→ Work to complete
What is needed is the exact text of each line in the listing below from the one with "mero mero hoian" up to and including the one with "Le Ferre MULTIVARIETALE", and no pictures.

**** Record extracts ****

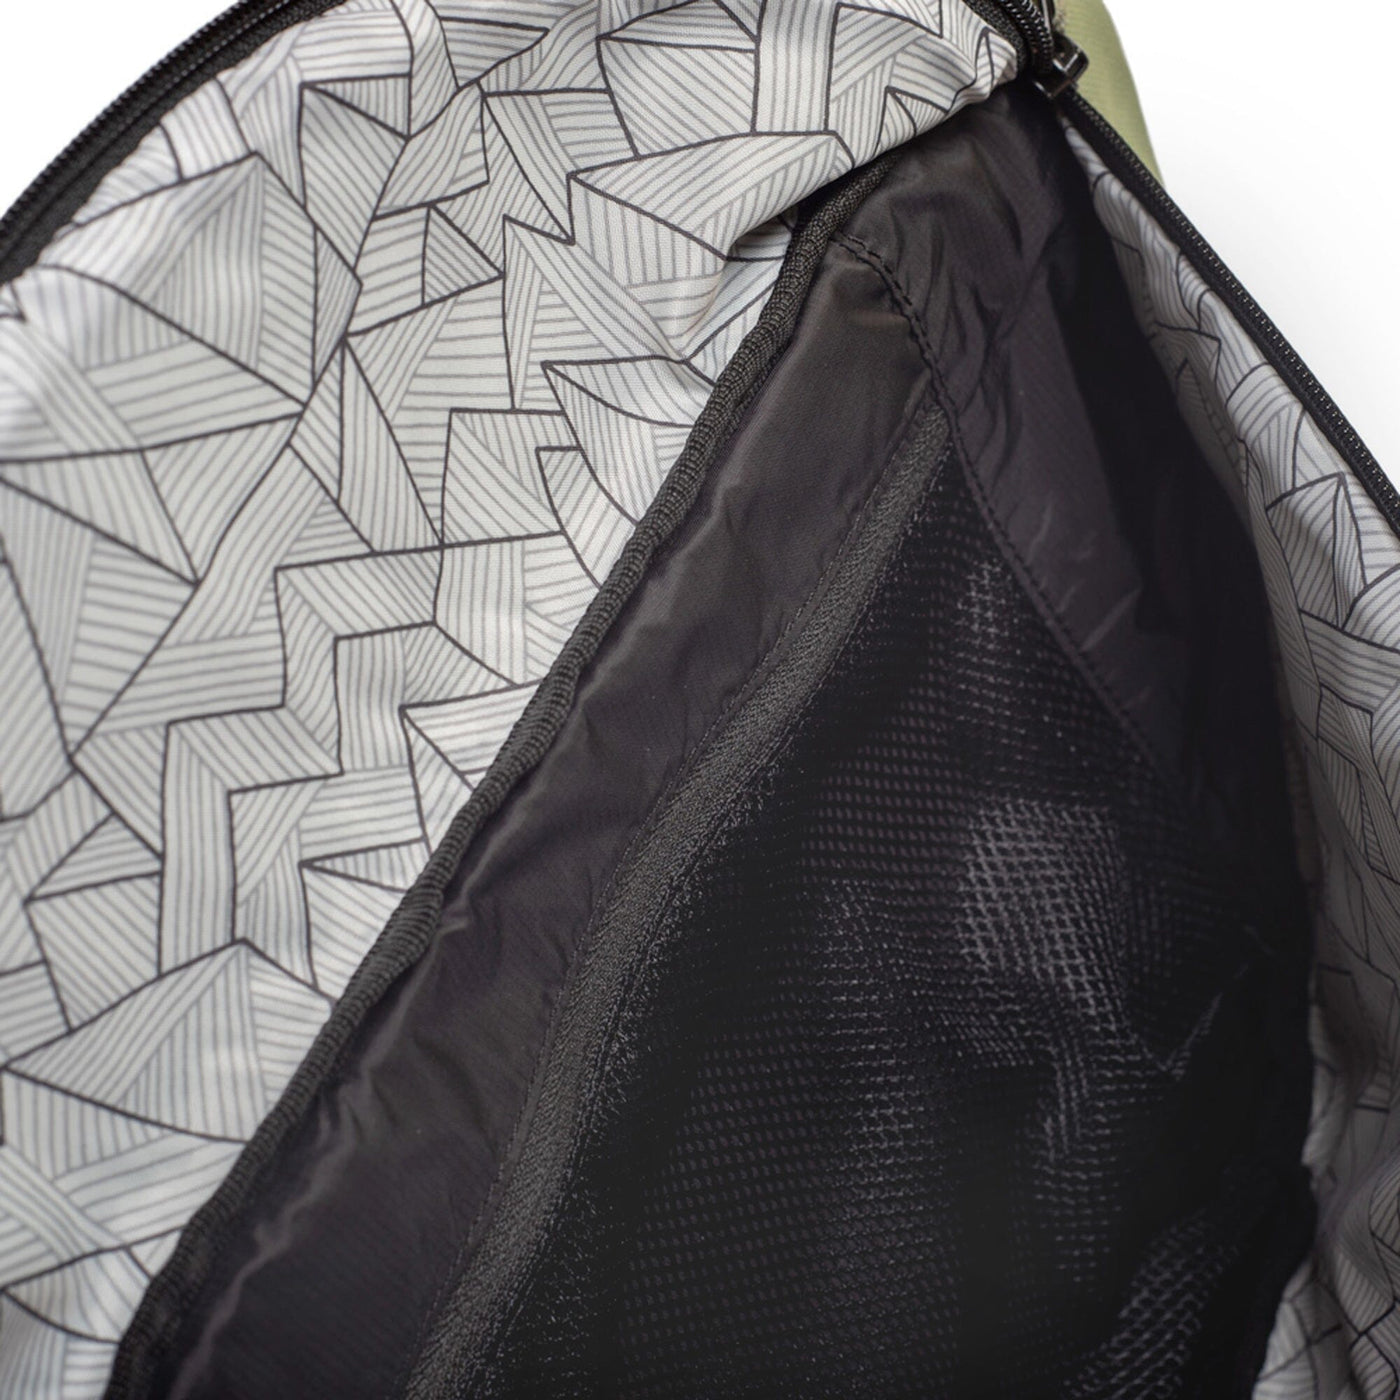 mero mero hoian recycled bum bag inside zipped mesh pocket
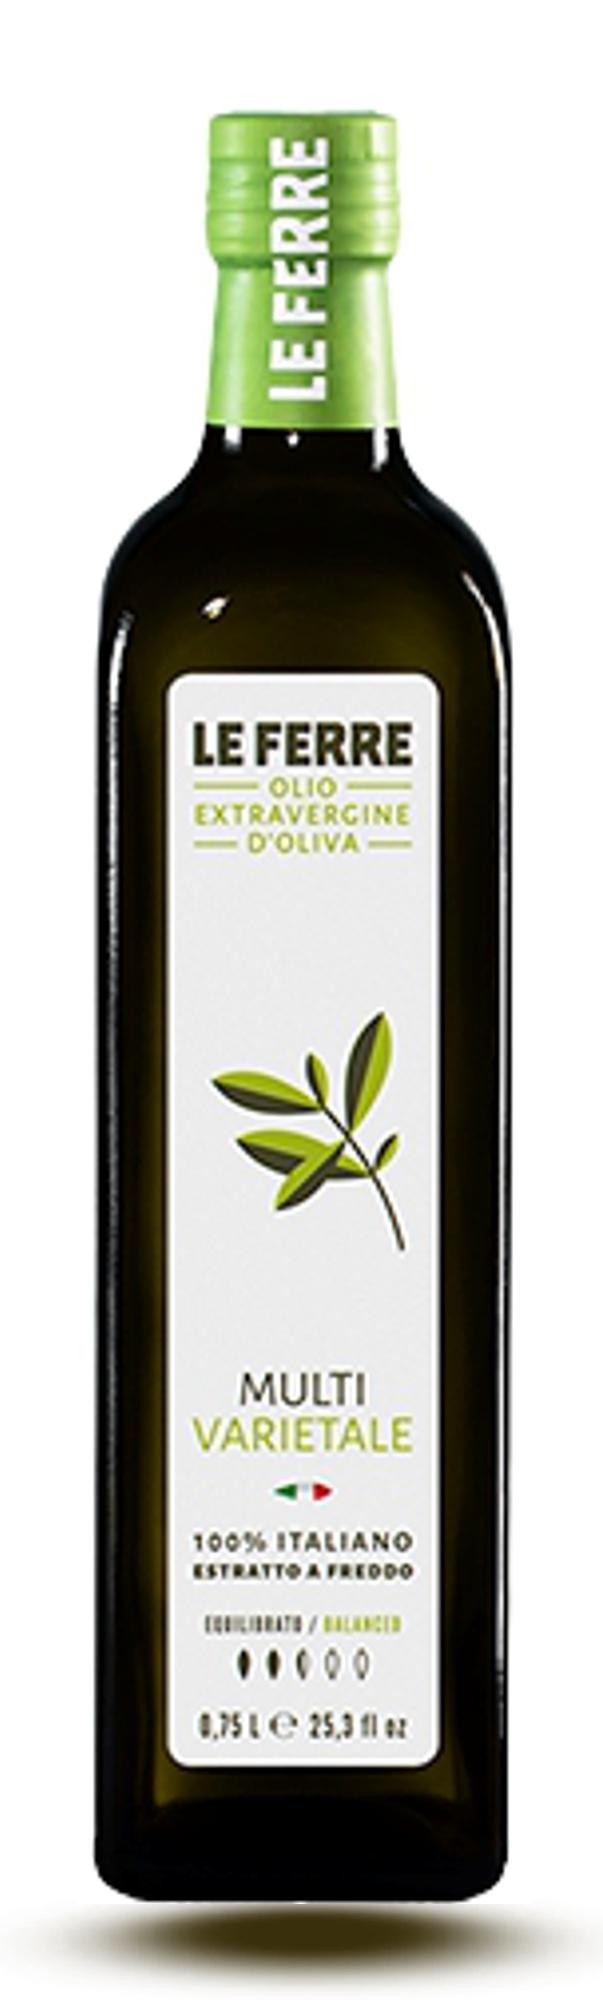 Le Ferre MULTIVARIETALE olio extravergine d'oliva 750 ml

****
**** Record extracts ****

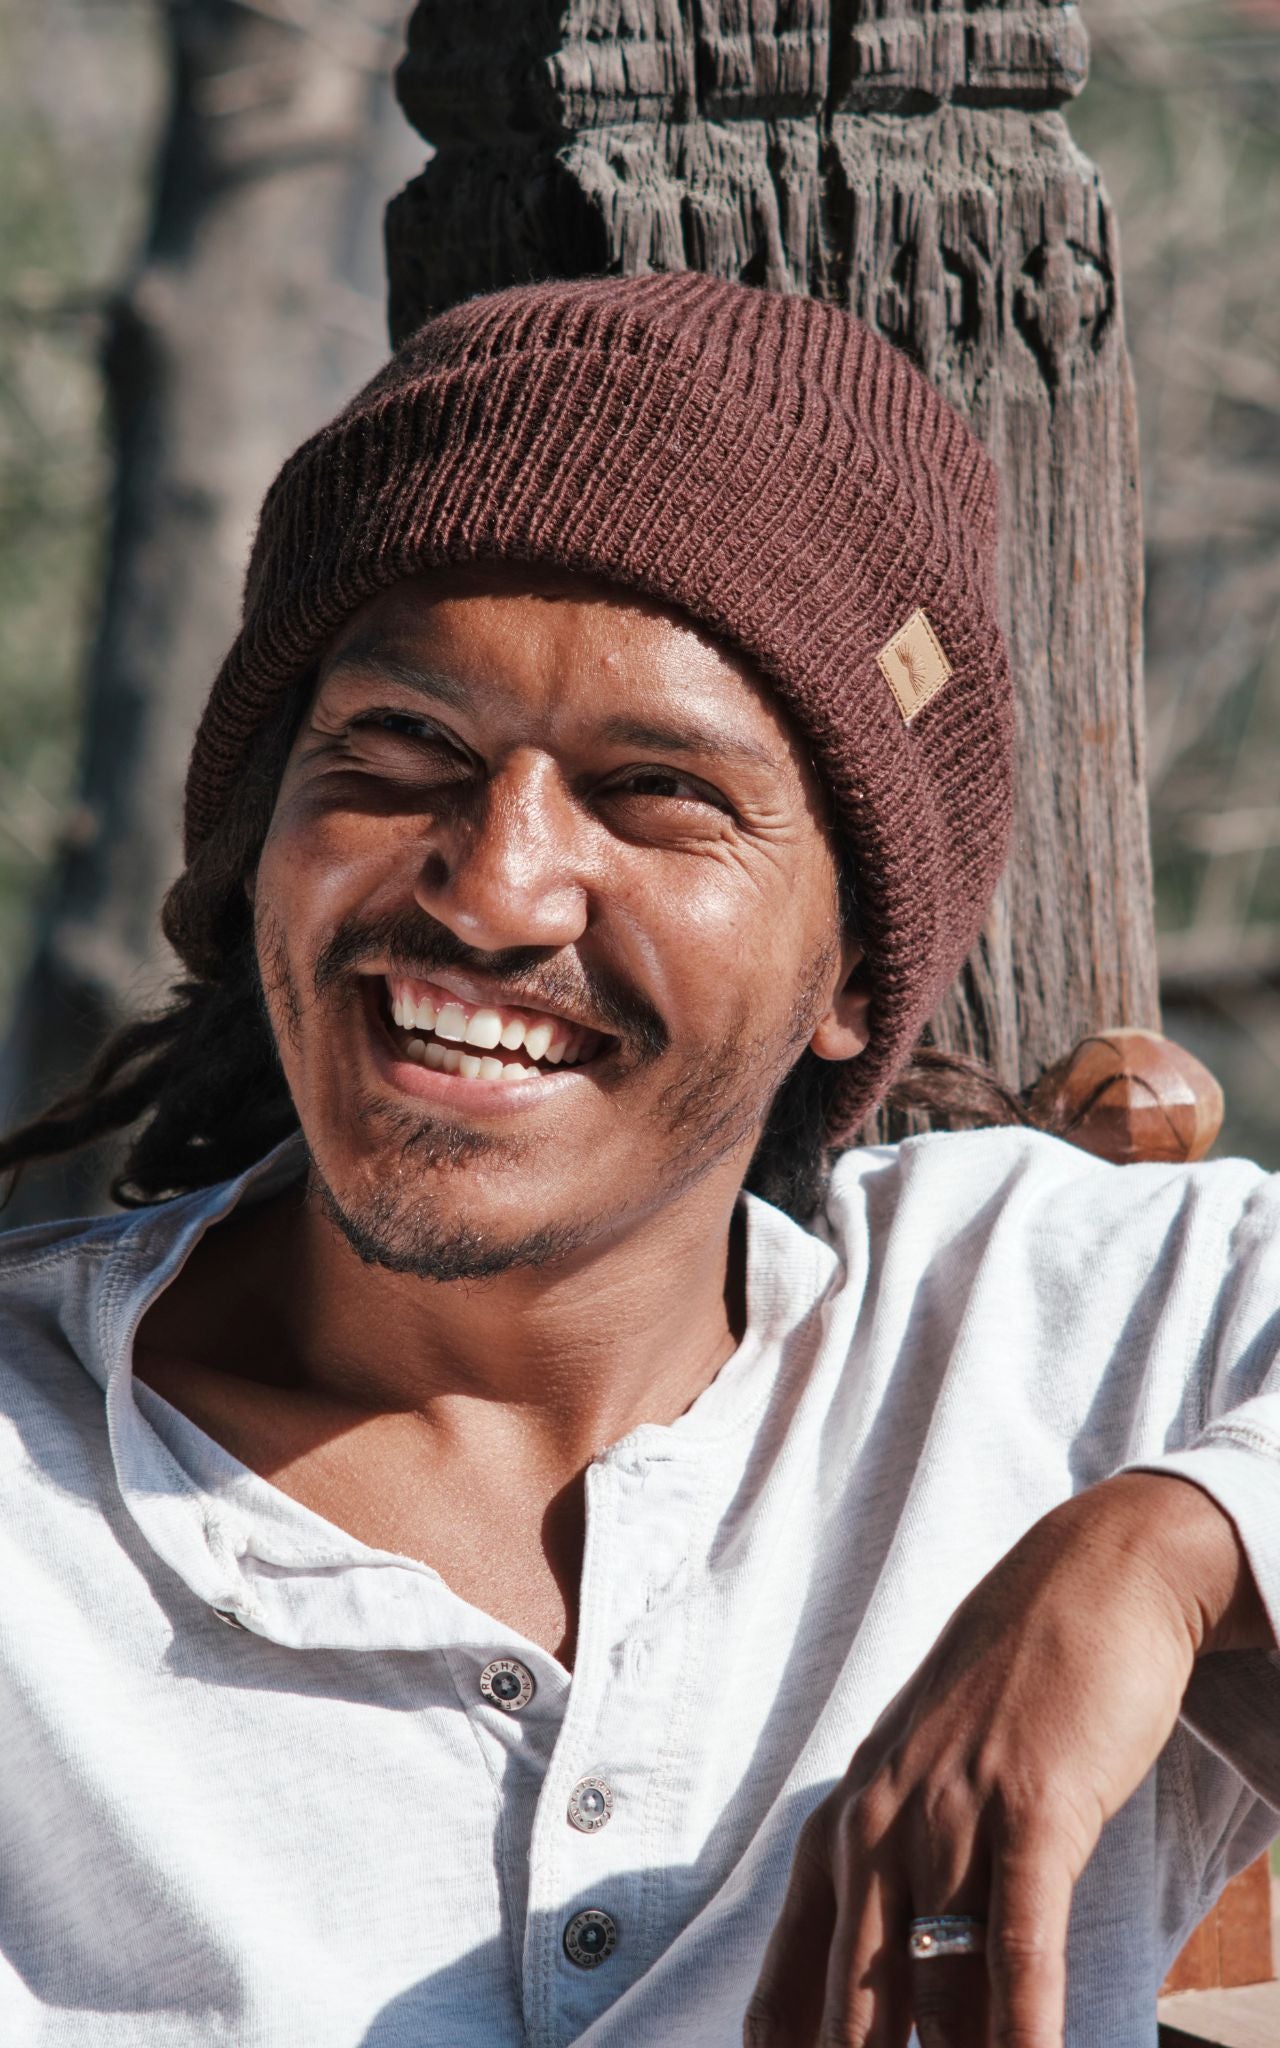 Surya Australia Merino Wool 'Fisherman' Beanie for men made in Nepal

****

→ Written answer
 mero mero hoian recycled bum bag inside zipped mesh pocket
 Le Ferre MULTIVARIETALE olio extravergine d'oliva 750 ml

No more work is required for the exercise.